Harvey, the AI platform built for legal work, has plugged into PitchBook's private market database. The integration means lawyers can now query company valuations, investor profiles, and deal terms directly inside Harvey's chatbot-style interface — no toggling between screens.

Why lawyers need private market data

Corporate attorneys working on mergers, fundraises, or IPOs routinely check private company metrics. PitchBook tracks more than three million private companies, venture capital rounds, and M&A transactions. Until now, a lawyer might open a browser tab, search PitchBook's platform, copy the numbers, and paste them into a memo. That back-and-forth eats billable hours.

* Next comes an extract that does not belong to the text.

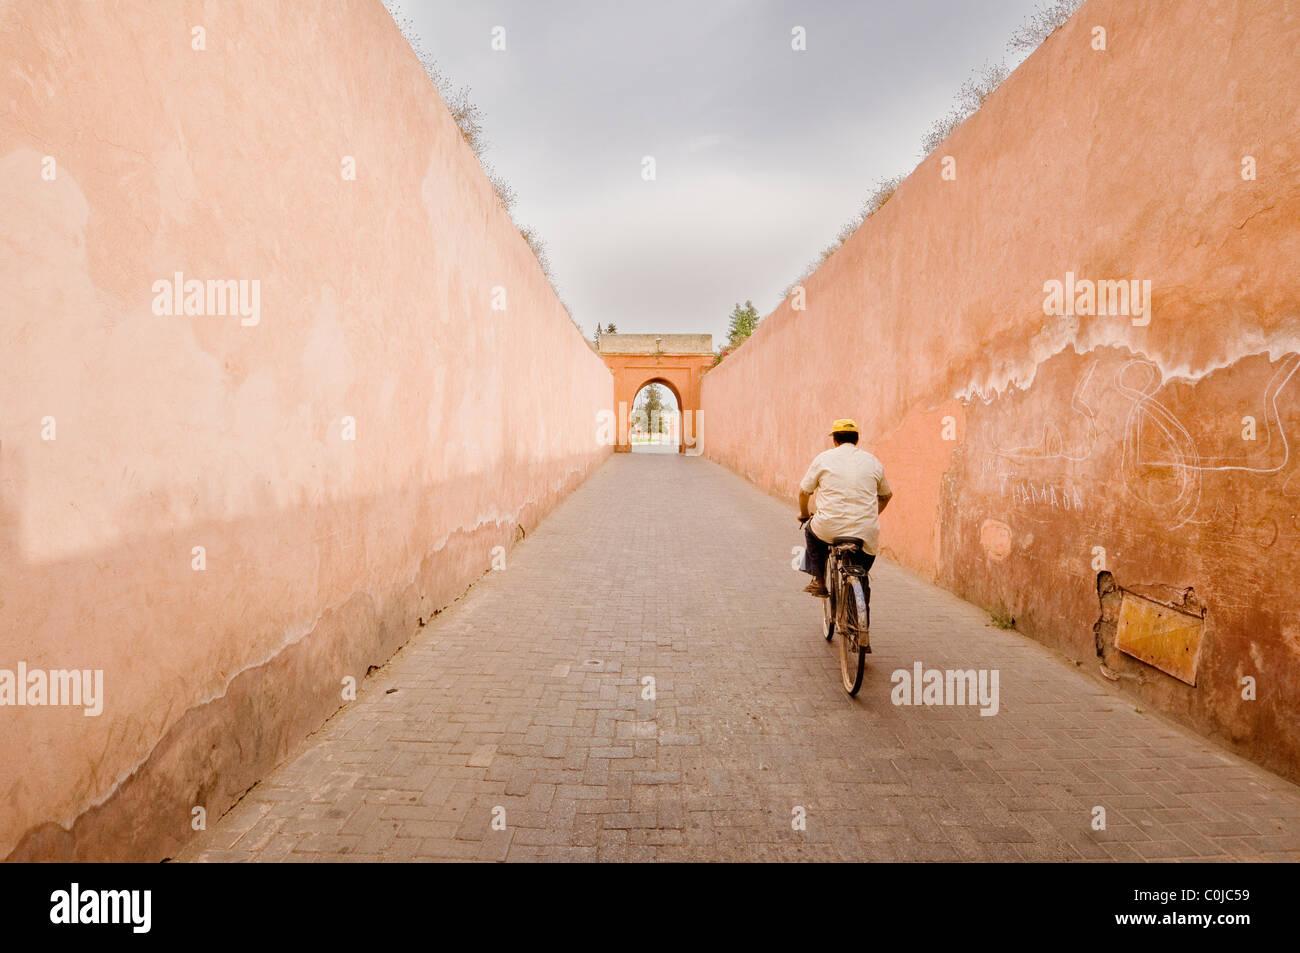 A man exiting the Marrakesh medina on a bicycle. Stock Photo

Harvey's AI already handles document review, contract analysis, and legal research. Adding PitchBook's data turns the tool into a one-stop desk for deal lawyers. A user can ask, for example, “What was the Series C valuation for Company X?” and get a structured answer without leaving the chat.

What the integration does

The connection works both ways. Harvey's large-language model processes plain-language questions, translates them into structured queries, and pulls the relevant data points from PitchBook's API. The results appear as concise summaries or tables, depending on what the lawyer needs.

Private market intelligence is notoriously scattered across databases, pitch decks, and deal memos. Harvey's approach lets a legal team centralize that search. The company said the feature is live now for all Harvey users with a PitchBook subscription.

Who benefits most

Transactional lawyers — M&A partners, corporate associates, and in-house counsel at venture-backed companies — are the obvious audience. But the integration also helps litigators who need to value a business quickly, or regulatory teams reviewing antitrust filings that require market share data.

Neither Harvey nor PitchBook disclosed financial terms of the data deal. The integration is purely technical: Harvey is a customer of PitchBook's API, not an investor or joint-venture partner.

For Harvey, the move deepens its foothold in Big Law. The startup already counts firms like Latham & Watkins and Kirkland & Ellis as users. Adding proprietary datasets — PitchBook's is one of the deepest available — gives legal teams a reason to keep Harvey open all day.

PitchBook gets a distribution channel it hasn't had before. The firm historically sold directly to finance professionals and analysts. Embedding inside a legal AI tool opens a new market without building its own legal workflow product.

The integration is available now. No word yet on whether other datasets — such as LexisNexis or court dockets — will follow, but Harvey's architecture makes further connections straightforward.